FILE PHOTO: Erik Prince, founder of the Blackwater security firm, testifies before a committee of the U.S. Congress about security contracting in Iraq and Afghanistan on Capitol Hill in Washington, October 2, 2007. REUTERS/Larry Downing/File Photo
April 30, 2019
WASHINGTON (Reuters) – A U.S. congressional committee has asked the Justice Department to investigate Trump backer Erik Prince for possible crimes, the panel’s chairman said, adding there was strong evidence he lied to U.S. lawmakers probing Russia.

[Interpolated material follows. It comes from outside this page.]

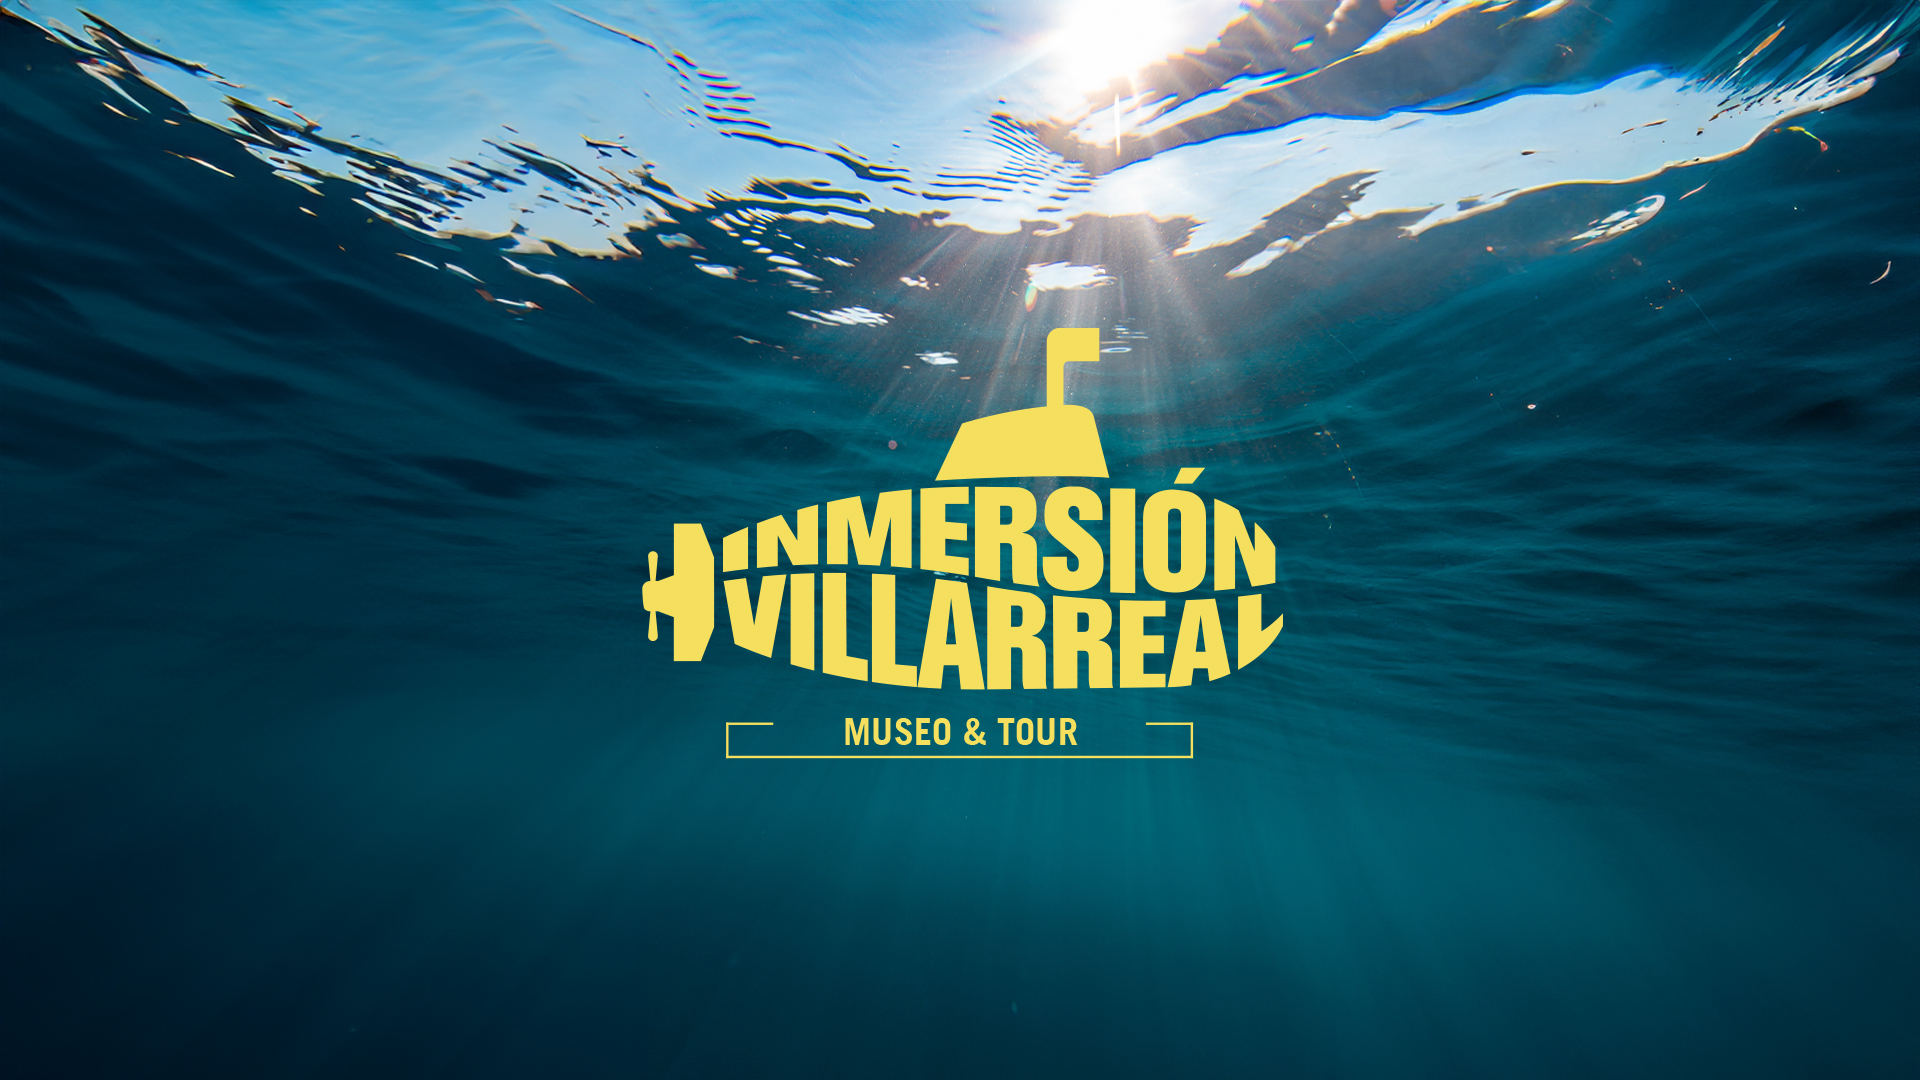 Inmersion Villarreal 1920x1080 2
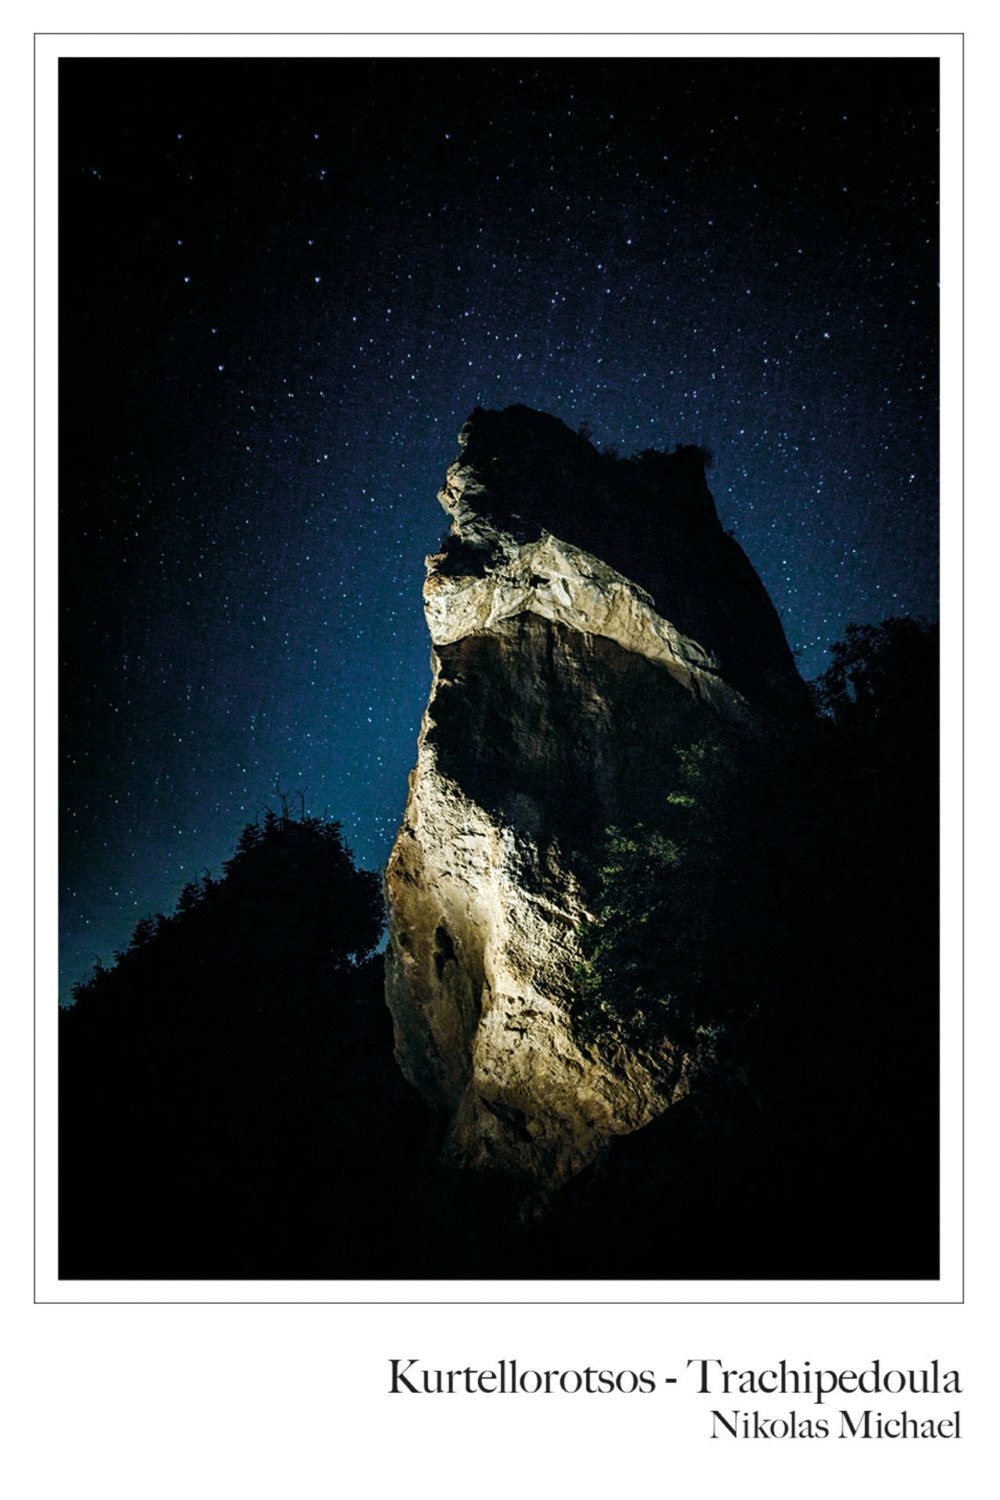 Kurtellorotsos - Trachipedoula by Nikolas Michael (night photography, rock, stars, fine art, Cyprus, mountains, Mediterranean)

Democratic Representative Adam Schiff told a Washington Post event there was evidence that Prince, who founded the now defunct Blackwater security firm and is the brother of Education Secretary Betsy DeVos, had willingly misled the House of Representatives Intelligence Committee.
“I believe there was very strong evidence that he willingly misled the committee, made false statements to the committee,” Schiff said, citing Prince’s January 2017 meeting with a Russian banker in the Seychelles. “The evidence is so weighty that the Justice Department needs to consider this.”
He declined to say whether the panel also planned to submit criminal referrals for U.S. President Donald Trump’s son-in-law and White House adviser Jared Kushner and Trump’s son Donald Trump Jr.
At issue are discrepancies between Prince’s comments to Congress versus what he told U.S. Special Counsel Robert Mueller, who in April released his report on Russian meddling in the 2016 presidential election.
The report’s details over Prince’s meeting with Kirill Dmitriev, the head of Russia’s sovereign wealth fund, who reports directly to Russian President Vladimir Putin, differ from testimony Prince gave to the intelligence panel in November 2017.
Perjury before Congress is a crime that can carry a punishment of up to five years in prison and a fine.
Marc Cohen, a spokesman for Prince, could not immediately be reached for comment.
Separately, Prince has been pushing a plan to deploy a private army to help topple Venezuela’s socialist president, Nicholas Maduro, four sources with knowledge of the effort told Reuters.
U.S. Representative Mark Meadows, head of House Republicans’ Freedom Caucus, separately told the Post event that Republicans were considering sending their own criminal referrals for two to three individuals. He declined to name them or give many details, but said two of them were linked to Fusion GPS.
Fusion GPS is a research and intelligence consultancy that hired former British intelligence officer Christopher Steele to investigate Trump and Russia.
“There are two or three individuals that we believe could have potentially given false testimony to Congress,” Meadows, a member of the House Oversight and Government Reform panel. That committee and the Intelligence Committee are among several congressional panels examining Russian interference in American politics, including in the 2016 presidential election.
Meadows added that Trump had not personally encouraged House Republicans to make any referrals to the Justice Department over congressional misstatements, and that he has not spoken to the president about the issue “from a criminal referrals standpoint.”